> _Task statement_
What's needed is the listing below, repeated word for word with no pictures.

> _Supplied information_

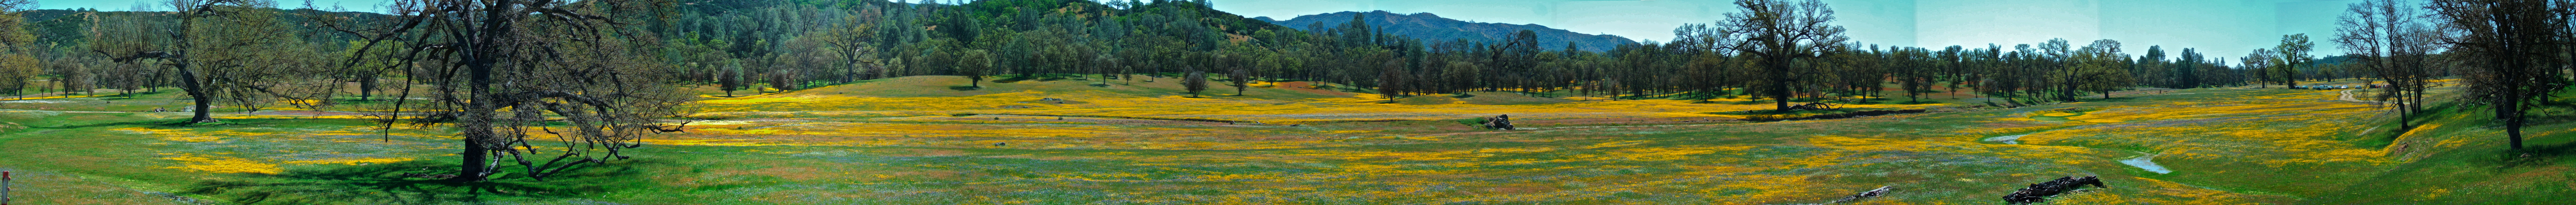 Wildflowers in Upper San Antonio Valley (1).
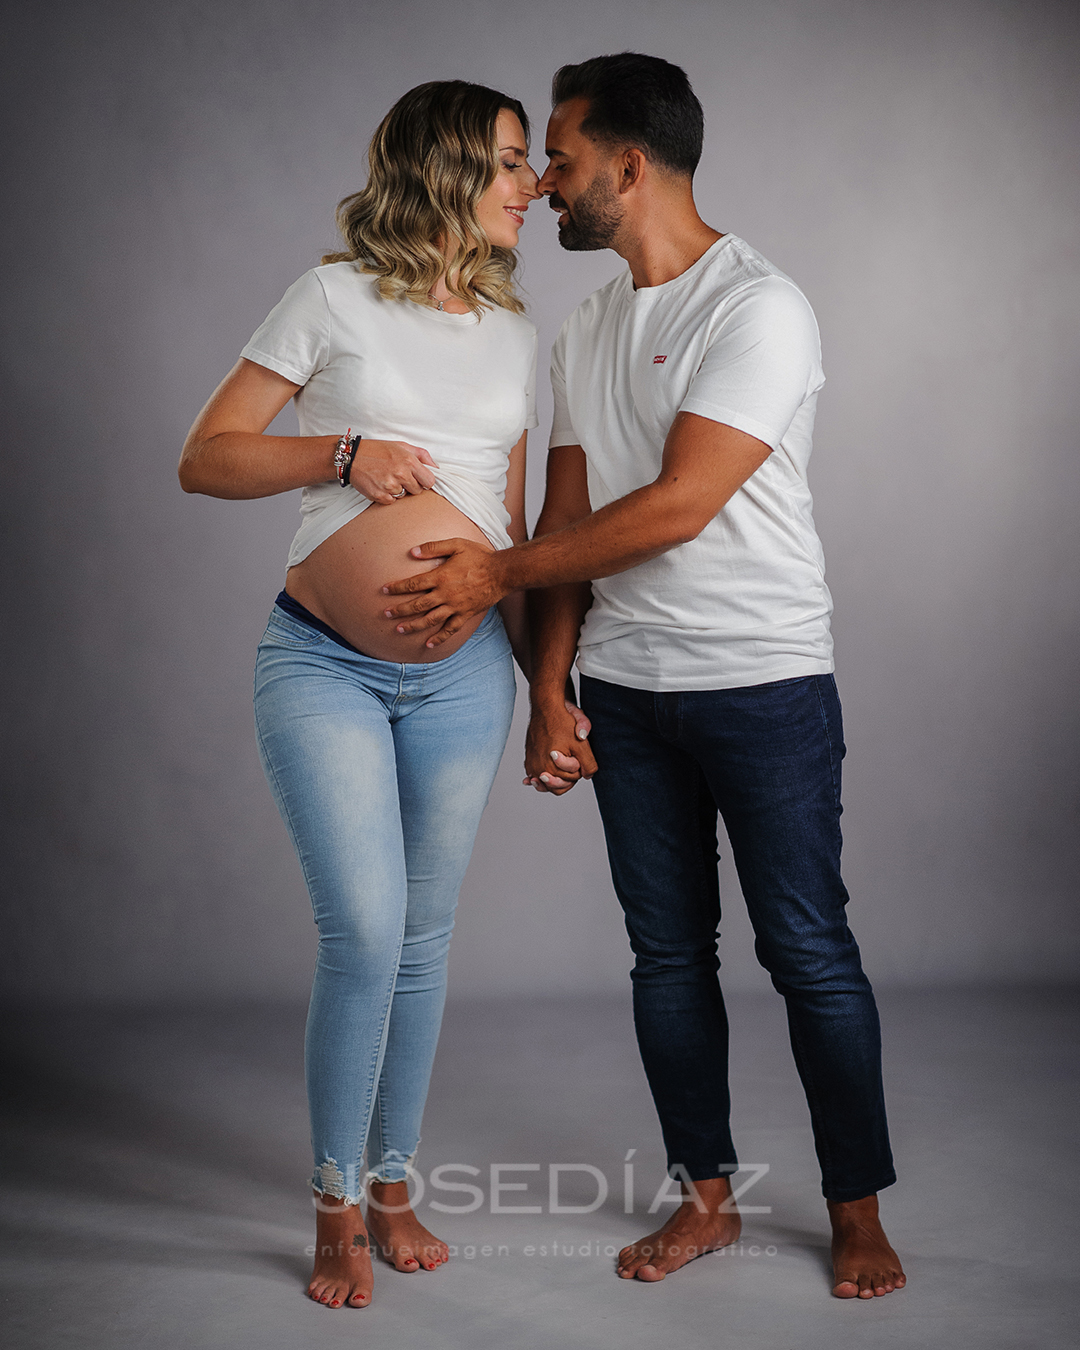 fotografia en pareja, embarazo, sesion de embarazo de pareja, fotografia de embarazo
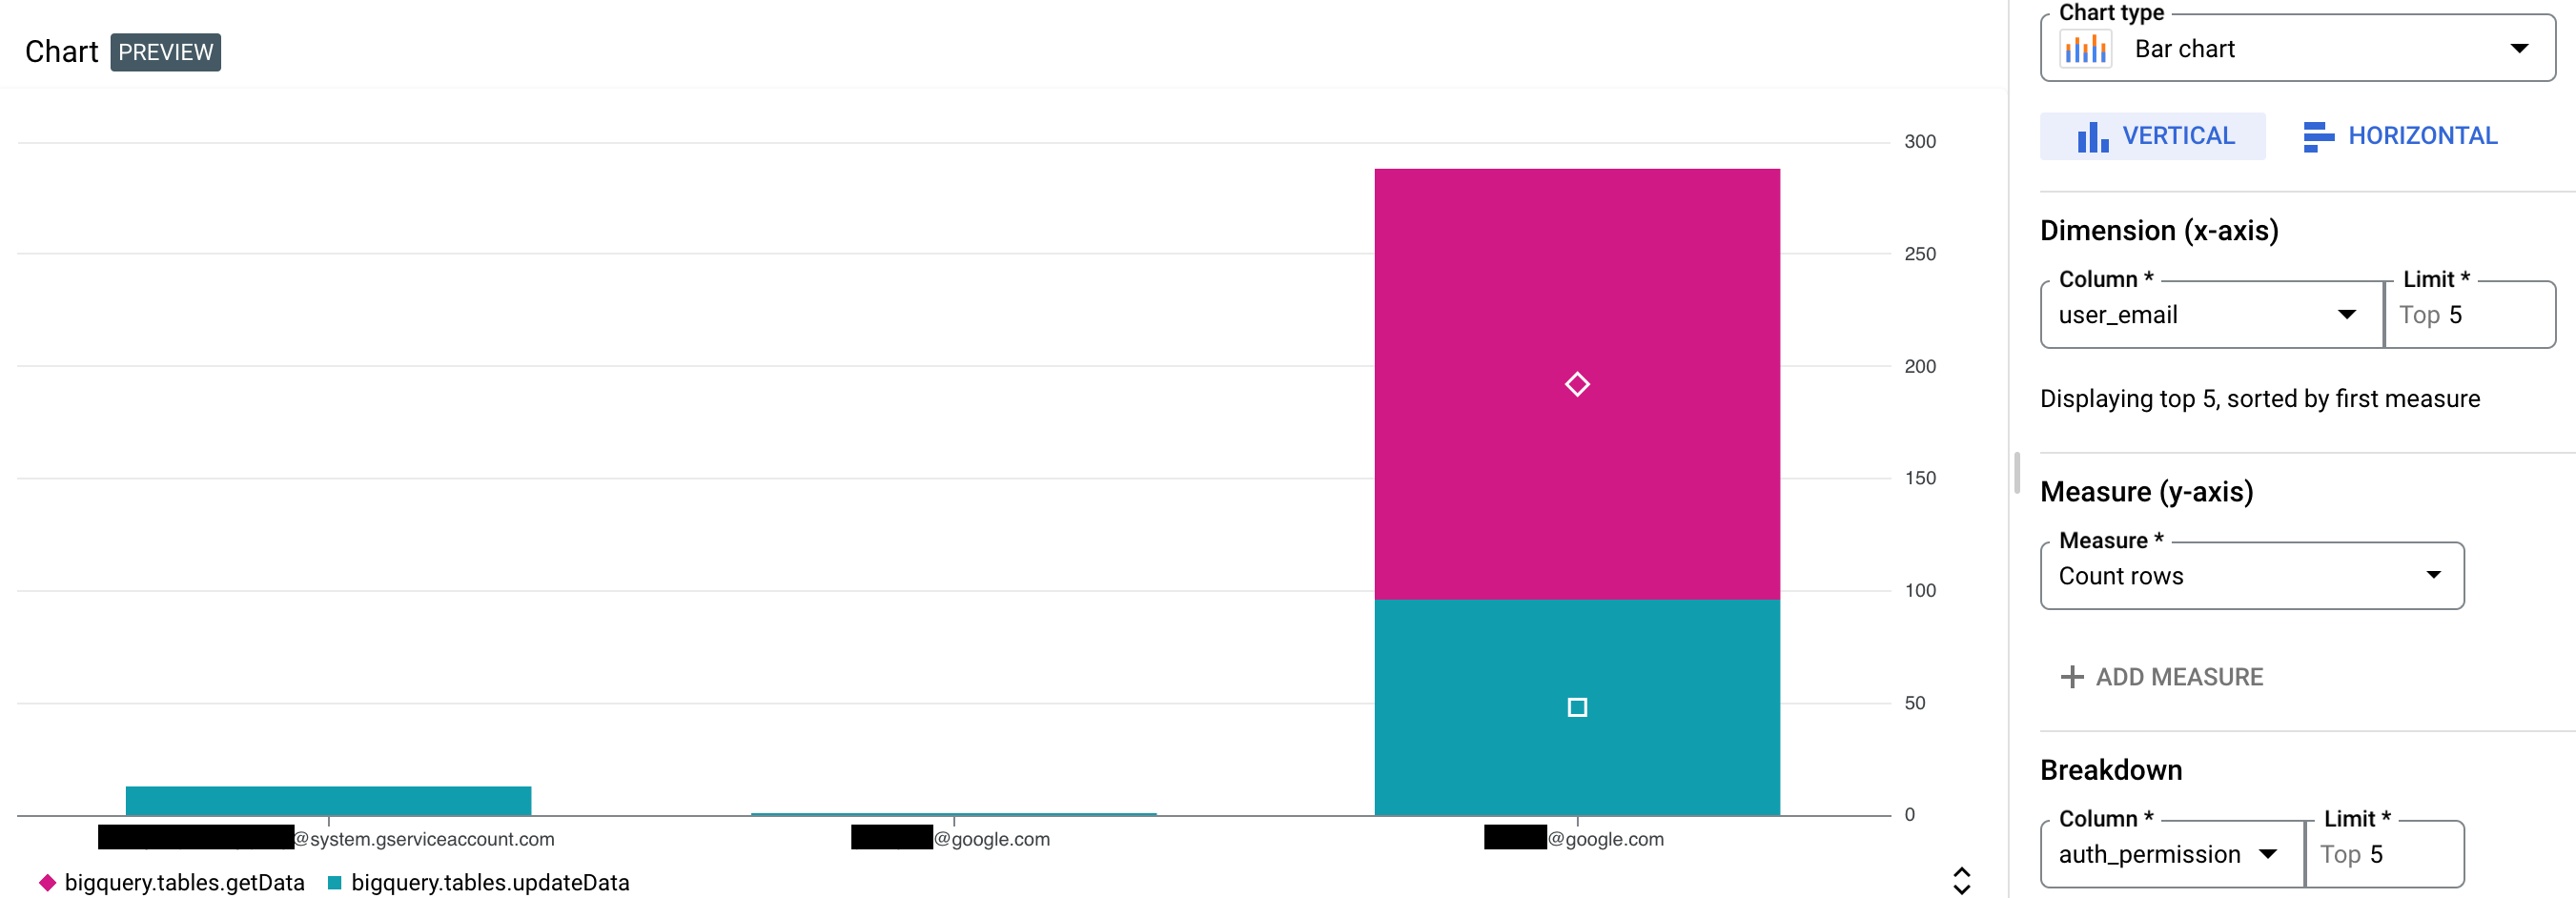 Grafico di esempio per gli audit log di accesso ai dati di BigQuery
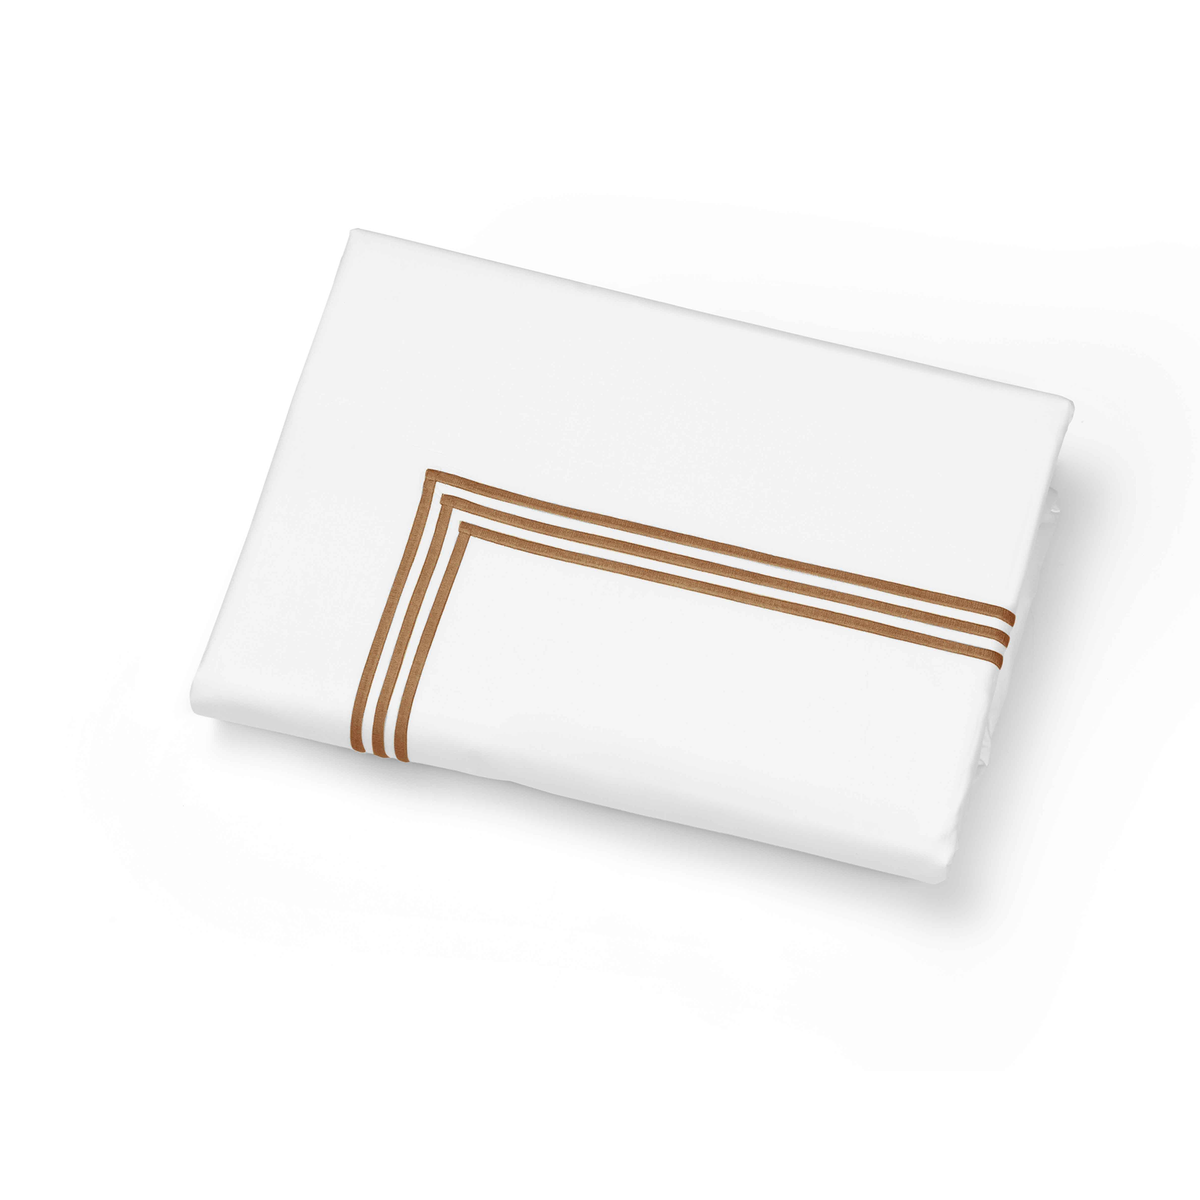 Folded Duvet Cover of Signoria Platinum Percale Bedding in White/Cognac Color

> _Output below_
 Wildflowers in Upper San Antonio Valley (1).
 fotografia en pareja, embarazo, sesion de embarazo de pareja, fotografia de embarazo
 Grafico di esempio per gli audit log di accesso ai dati di BigQuery
 Folded Duvet Cover of Signoria Platinum Percale Bedding in White/Cognac Color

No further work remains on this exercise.